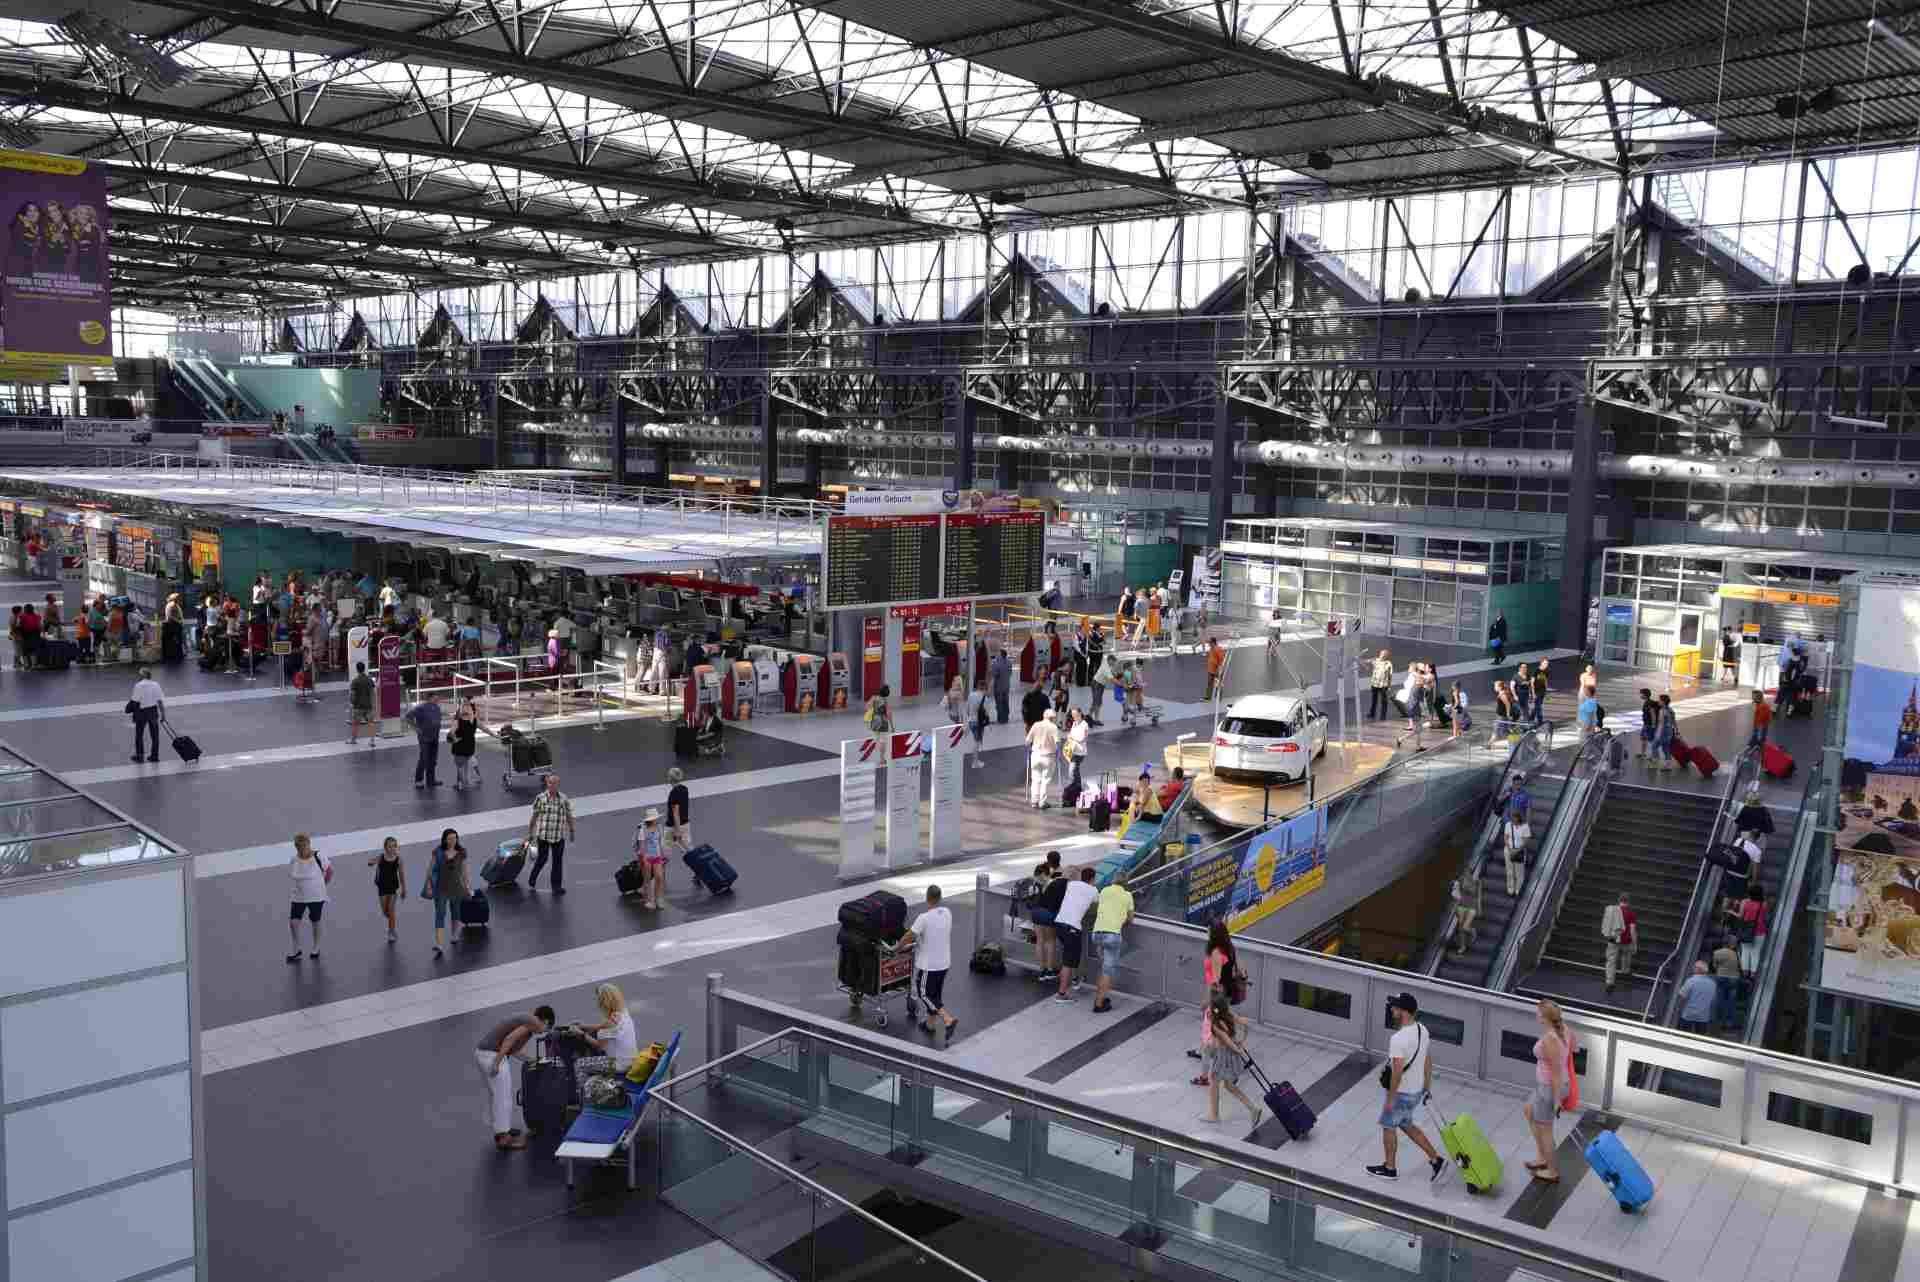 Flughafen Dresden Terminal Innenansicht
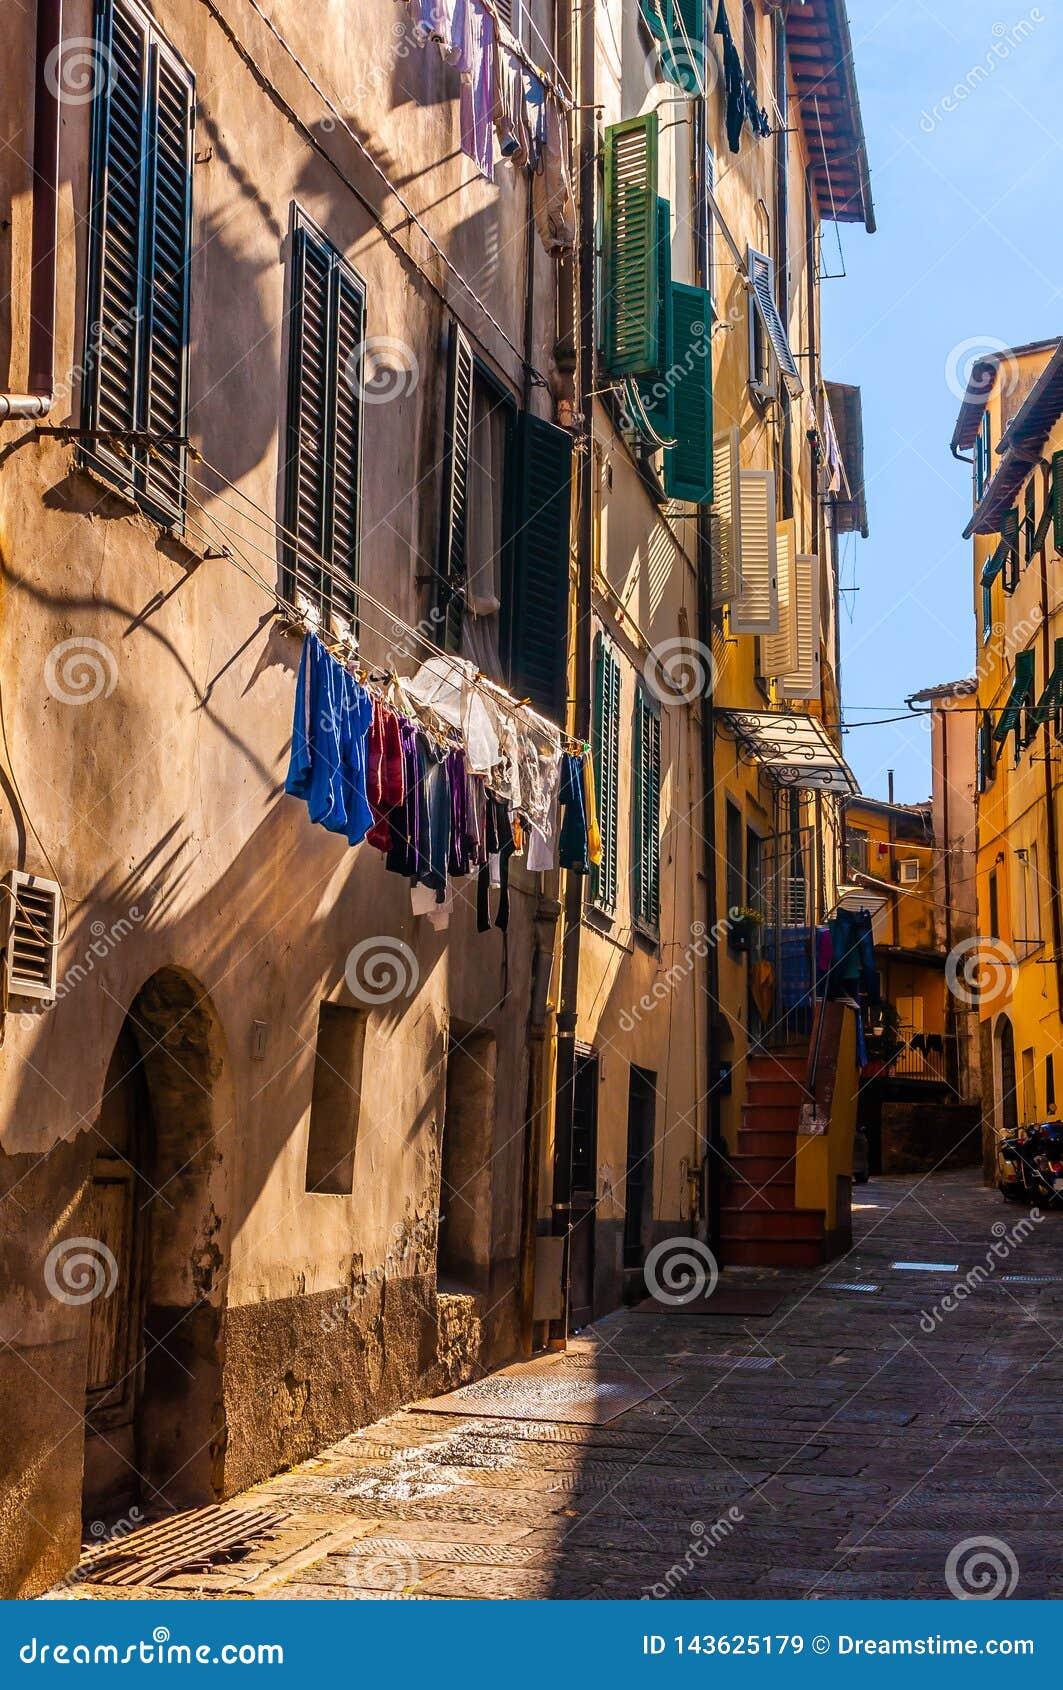 Rua pedestre pequena da cidade de Itália em parte nas sombras com secagem da roupa e de máscaras locais
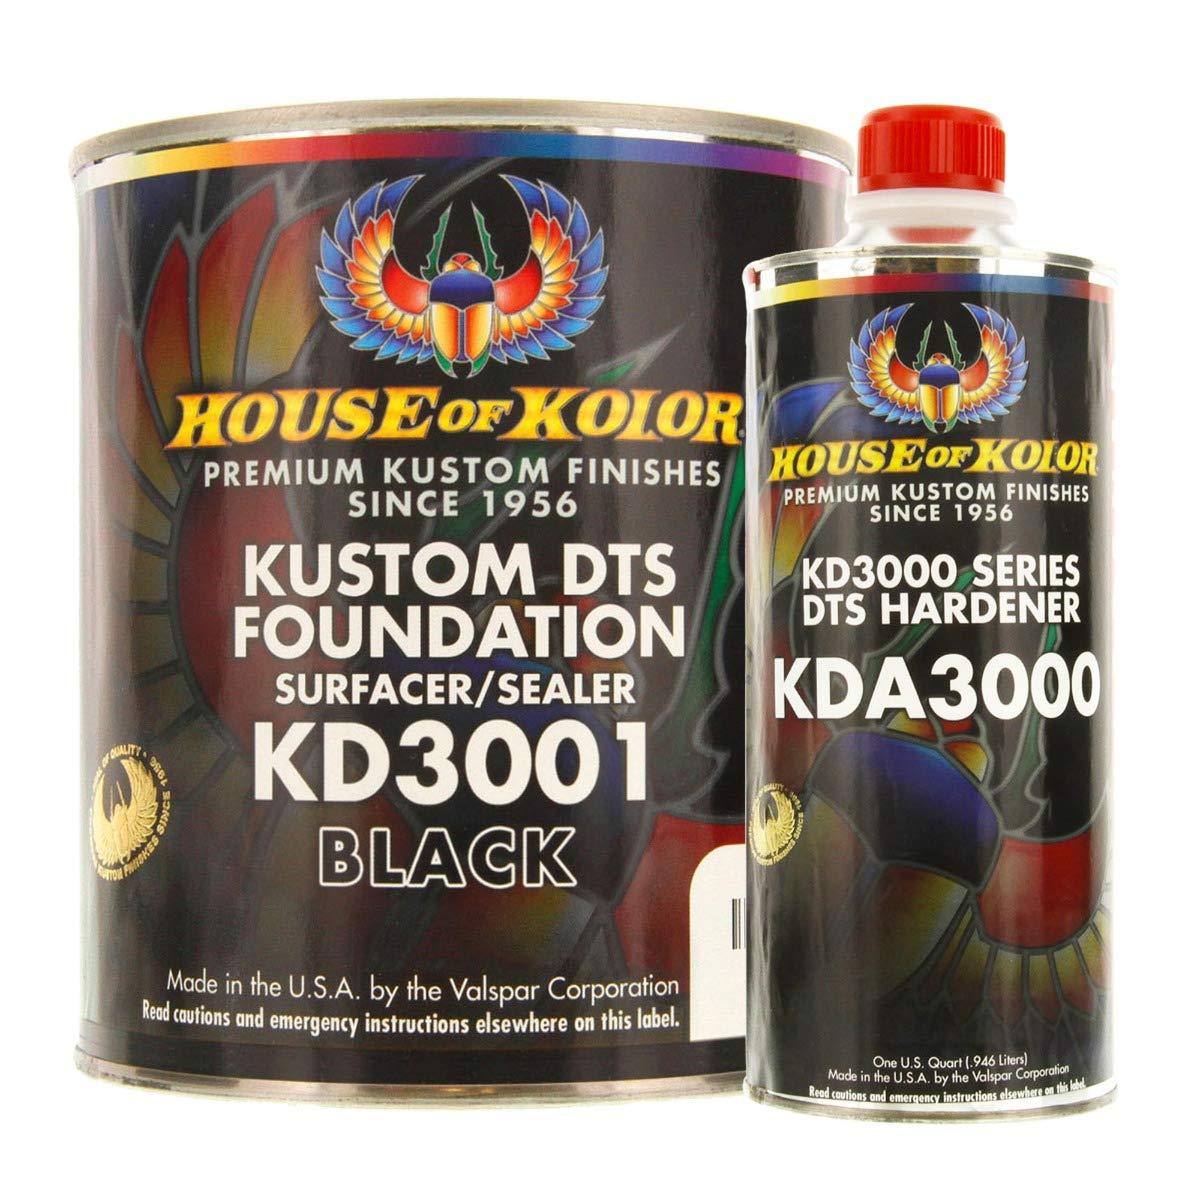 Kustom DTS Foundation Black Surfacer Sealer Kit w/Hardener (Gallon) by House of Kolor
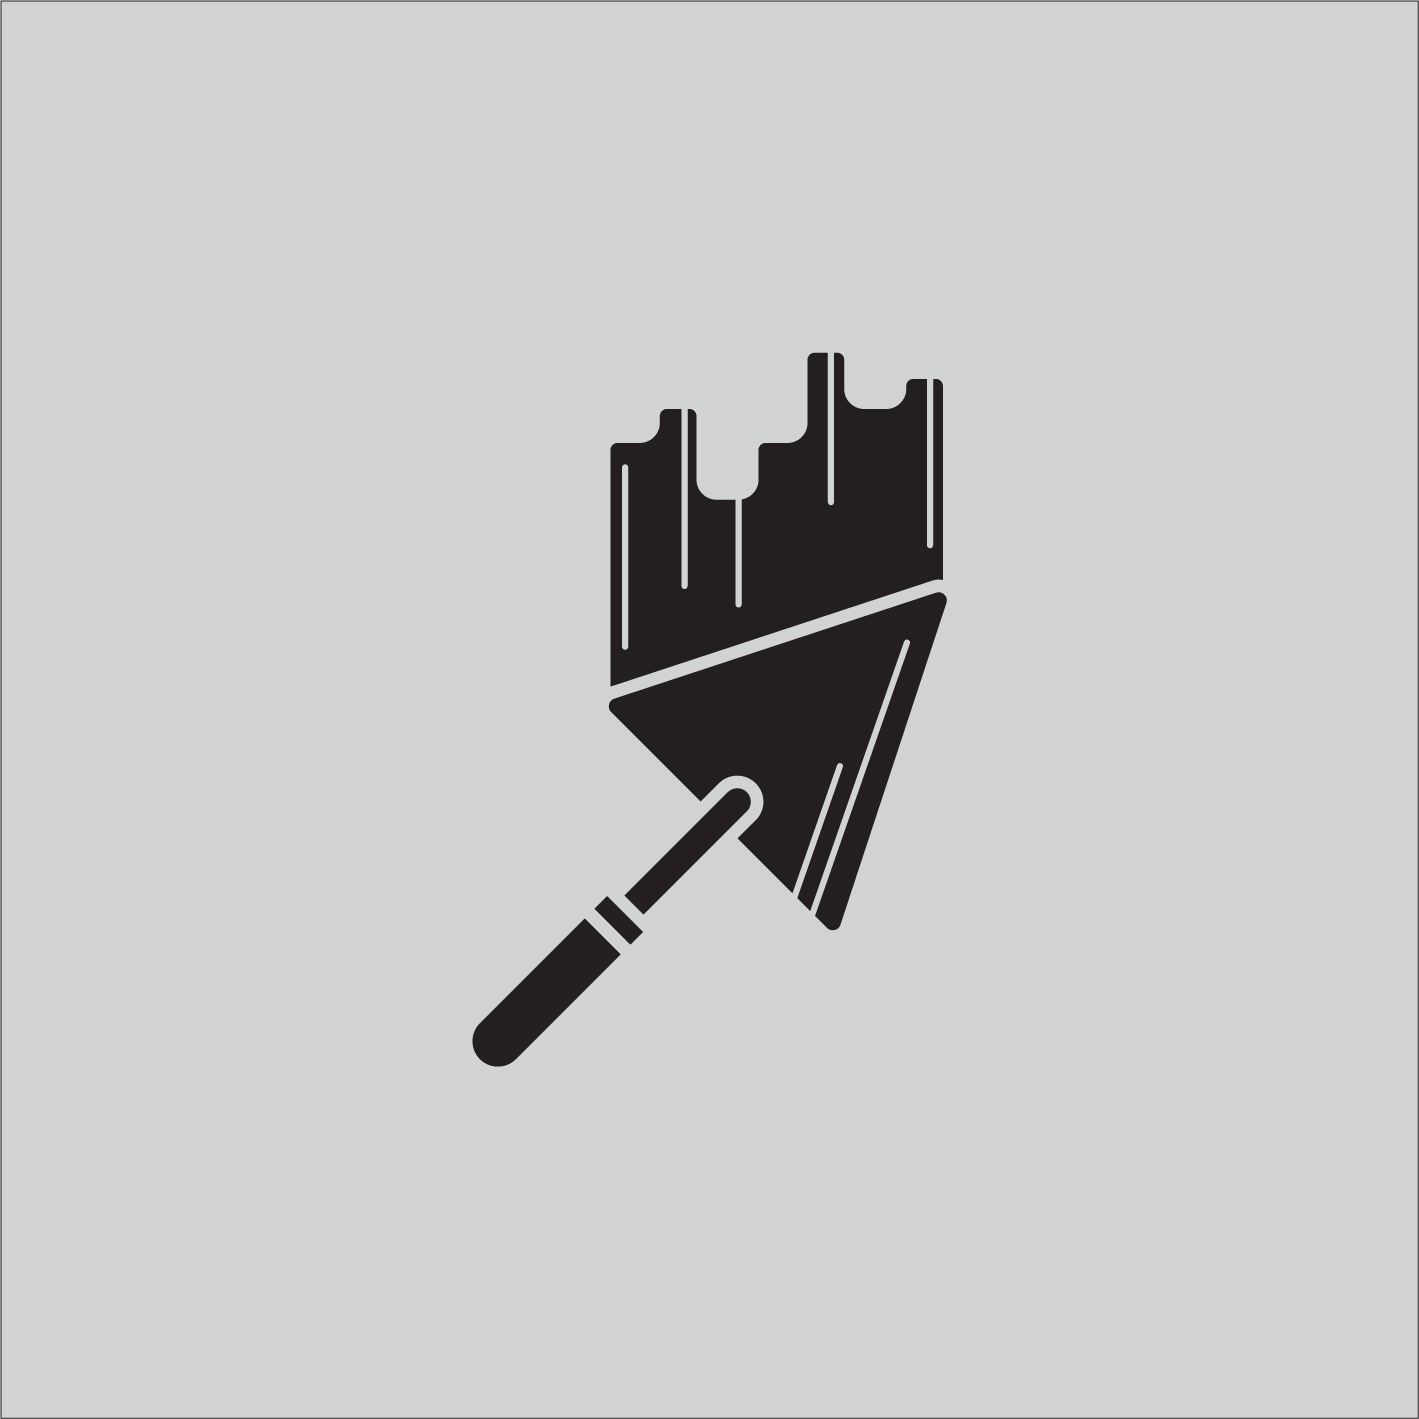 Fábrica Que Vende Bloco de Concreto em Itu - Blocos de Concreto Preço - Concreto São Paulo
^^^^
# [Your assignment]
Quote the data above in full and without alteration; skip the pictures.

# [Reply to the task]
 Flughafen Dresden Terminal Innenansicht
 Rua pedestre pequena da cidade de Itália em parte nas sombras com secagem da roupa e de máscaras locais
 Kustom DTS Foundation Black Surfacer Sealer Kit w/Hardener (Gallon) by House of Kolor
 Fábrica Que Vende Bloco de Concreto em Itu - Blocos de Concreto Preço - Concreto São Paulo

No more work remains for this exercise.